The following outline is provided as an overview of and topical guide to Greece:

Greece - sovereign country located on the southern end of the Balkan Peninsula in Southern Europe. It borders Albania, Bulgaria, and North Macedonia to the north, and Turkey to the east. The Aegean Sea lies to the east and south of mainland Greece, while the Ionian Sea lies to the west. Both parts of the Eastern Mediterranean basin feature a vast number of islands.

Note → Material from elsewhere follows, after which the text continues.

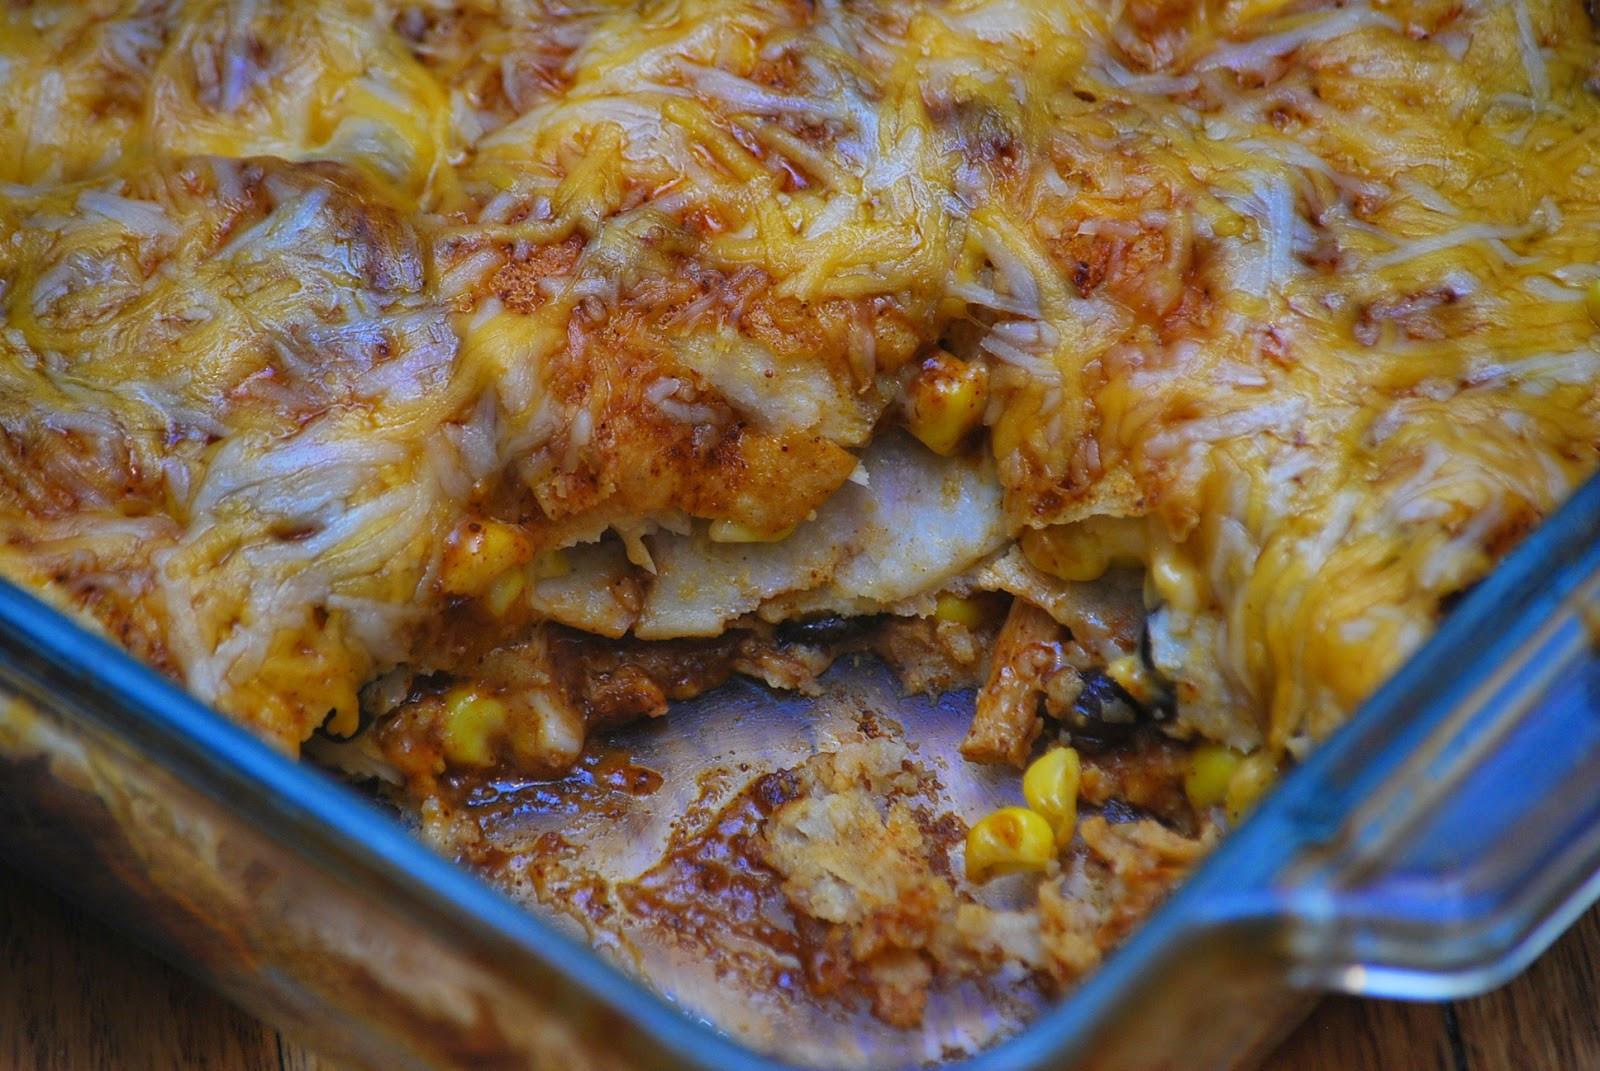 Chicken Enchilada Casserole  My story in recipes Chicken Enchilada Casserole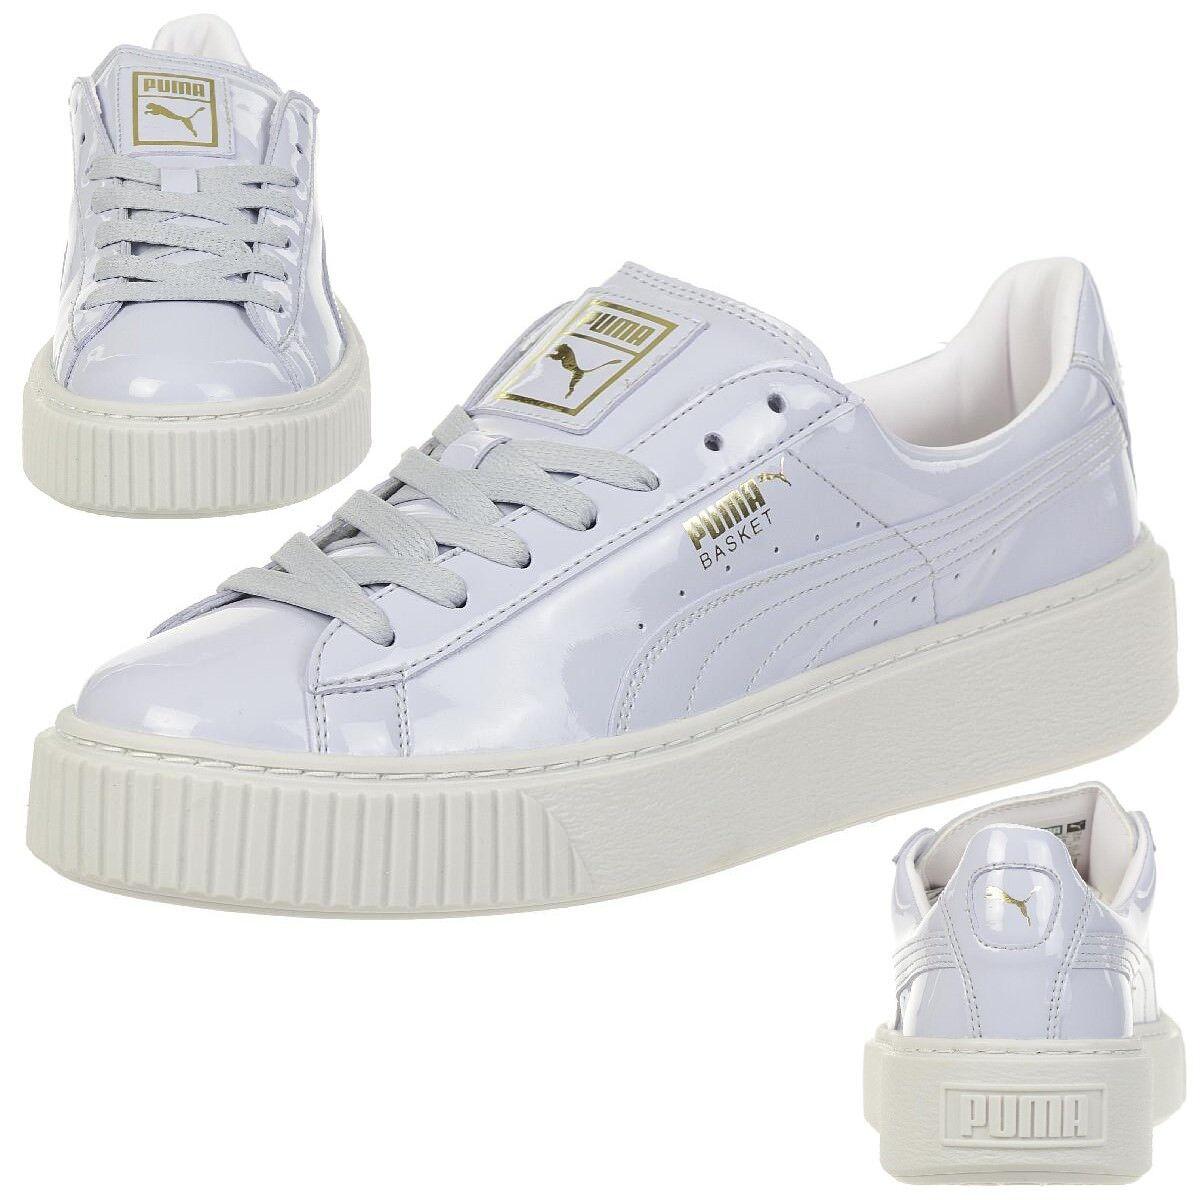 Puma Basket Platform Patent Sneaker Women's Girls' shoes 363314 01

Greece lies at the juncture of Europe, Asia and Africa. It is heir to the heritages of ancient Greece, the Roman and Byzantine Empires, and nearly four centuries of Ottoman rule. Greece is the birthplace of democracy, Western philosophy, the Olympic Games (for this reason, unless it is the host nation, it always leads the Parade of Nations in accordance with tradition begun at the 1928 Amsterdam Olympics), Western literature and historiography, political science, major scientific and mathematical principles, and Western drama including both tragedy and comedy.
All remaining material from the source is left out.